И лучшие ученые мира —
Генетики и врачи —
Совершили великое чудо:
Viva la Revolucion!
………………..
hasta la victoria siempre, hasta…
Все тот же черный берет,
Та же проклятая астма
(Ничто ее не берет).
Снова в зубах сигара…
— О великое чудо!
Амиго, мы ждем сигнала,
Мы ждем приказа, барбудо!
Мы — твоя гвардия личная,
Мы — двадцать девять верных
Эрнесто Рафаэля Гевары Линча
И далее де ла Серны.
— Я с вами, мои камрады,
Романтики революции,
Никто нам теперь не важен,
Ни patria, ни muerte,
Нам дела нет до Фиделя,
Раулю до нас нет дела,
Есть лишь огонь революции,
Пламя любой революции!
И нет иного сигнала,
Чем первый случайный выстрел,
И нет иного приказа,
Кроме приказа «огонь!»
Так вейся, бандера росса,
А также otra bandera,
Мы — прошлой жизни отбросы,
Мы — кости из Ла Игера.
Мы будем менять нашивки,
Бежать и стрелять куда-то,
Вчера боец по ошибке
Назвал меня «комайданте».
И нету над нами власти,
И нету за нами Кубы…
Вот только болят запястья.
Запястья болят. К чему бы.
* * *
Меж камней обреченно лежит пехота,
К ней все ближе и ближе танковая колонна,
И тогда внезапно встает господин Минамото,
Первый лучник нашего батальона.
Минамото, майор, позывные «Том»,
Двухметровый детина с перекошенным ртом,
У него гигантские плечи
И руки — каждая больше метра в длину,
Говорят, что он был в плену
И там покалечен.
Он глядит на стрелы свои и выбирает одну
С раздвоенным наконечником.
Господин майор, улыбка твоя крива,
Как могуч твой лук, прочна его тетива.
Многоножка мукадэ ползет, тяжела броня,
Но майор смеется: — Херня!
То есть, он, скорее всего, говорит иное,
По-японски, а мы лежим за его спиною,
Наблюдая, как двуязыкой, стальной, звуковой волной
Танк пробит головной.
Мы пошли в атаку, победно бил барабан,
Пехотинцы суровых эпох и суровых стран,
Те, кто древа не посадил, не построил дома.
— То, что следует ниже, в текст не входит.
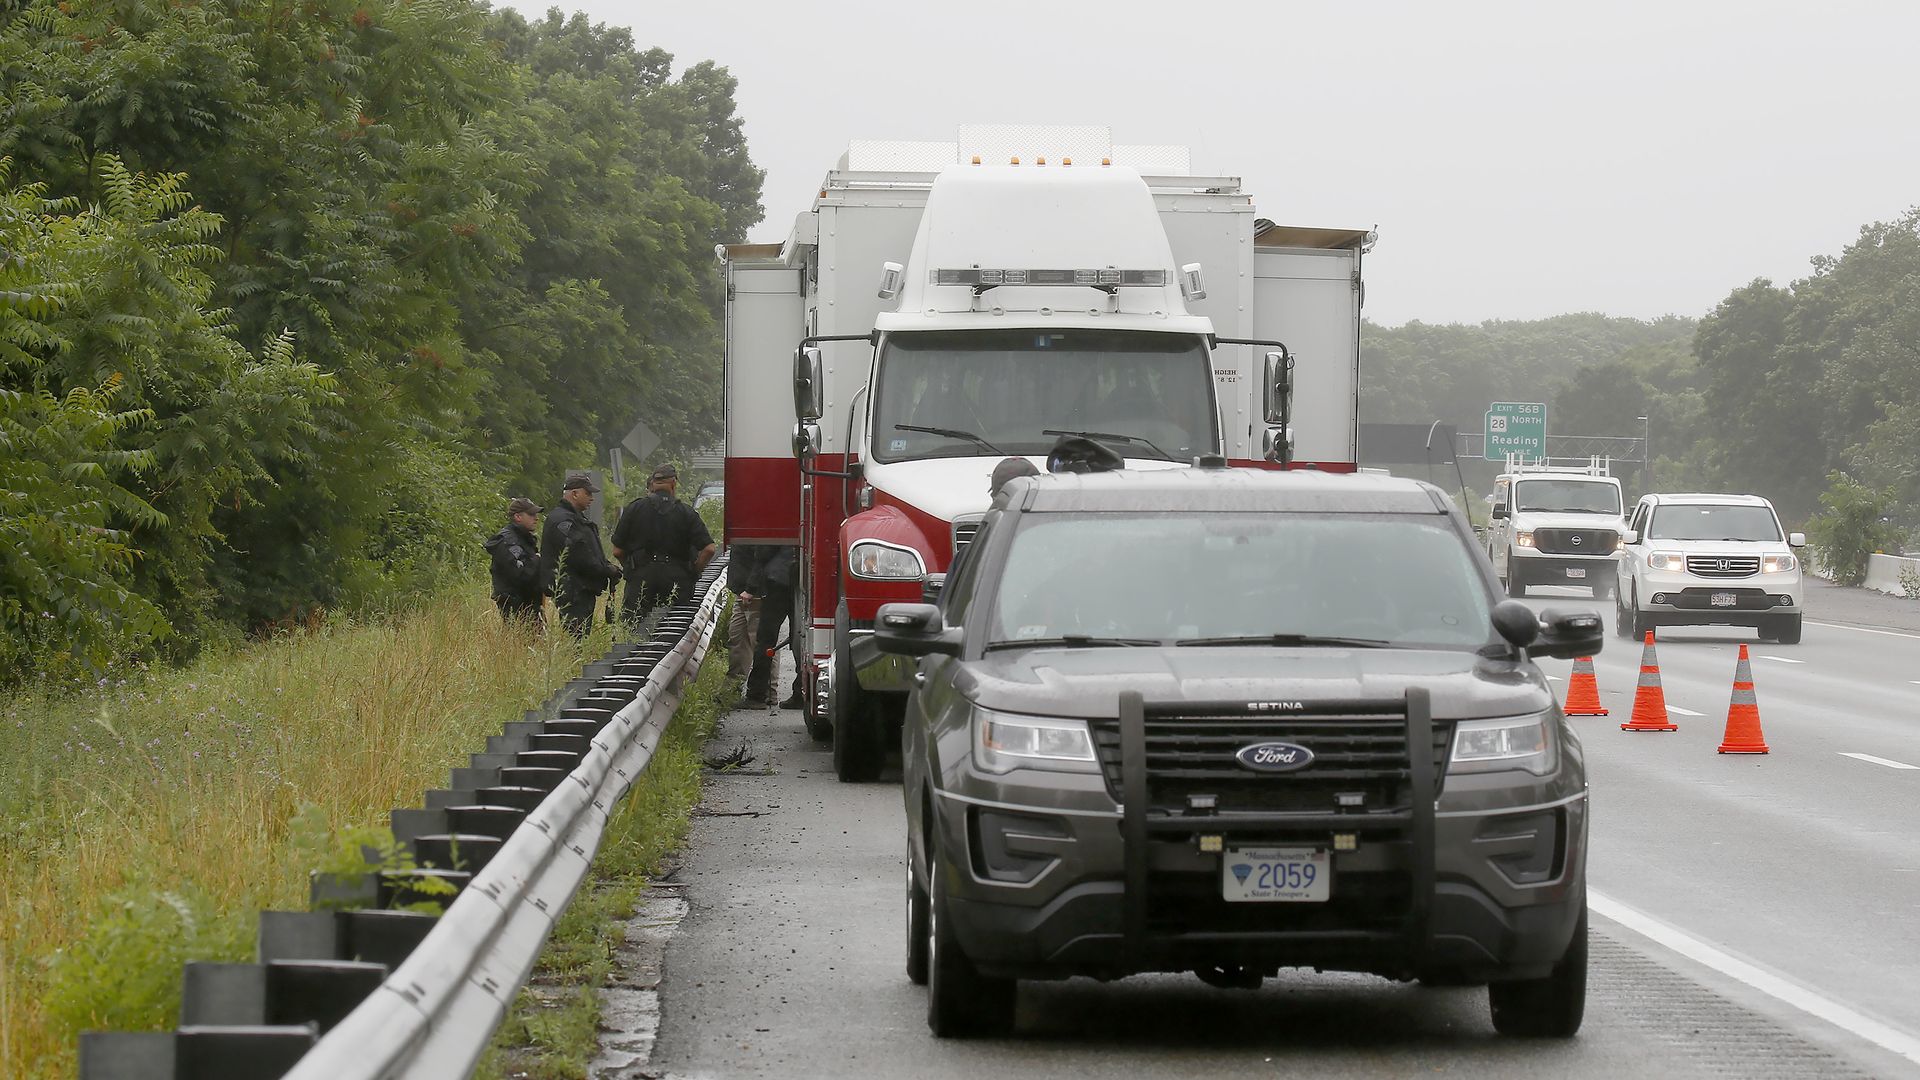 Interstate 95 in Wakefield is open as State Police stand along the guardrail near miler marker 57 as the investigation continues into an armed stand off with police, July 3, 2021 Wakefield, MA. (

А потом жгли костры и каждый думал о том,
Что когда-нибудь вырастит сына — великого, словно Том,
Минамото-но Тамэтомо.
Gloria mundi
Хорошо жить в маленькой стране,
Издавать книги за счет государства,
Получать премии из рук генерал-губернатора
Или даже премьер-министра.
Дайте мне премию, господин генерал-губернатор,
Я пишу о бабочках и тюльпанах,
А ведь мог бы писать о голодных и мертвых,
О тюрьмах и о том, что неплохо бы назначить нового губернатора.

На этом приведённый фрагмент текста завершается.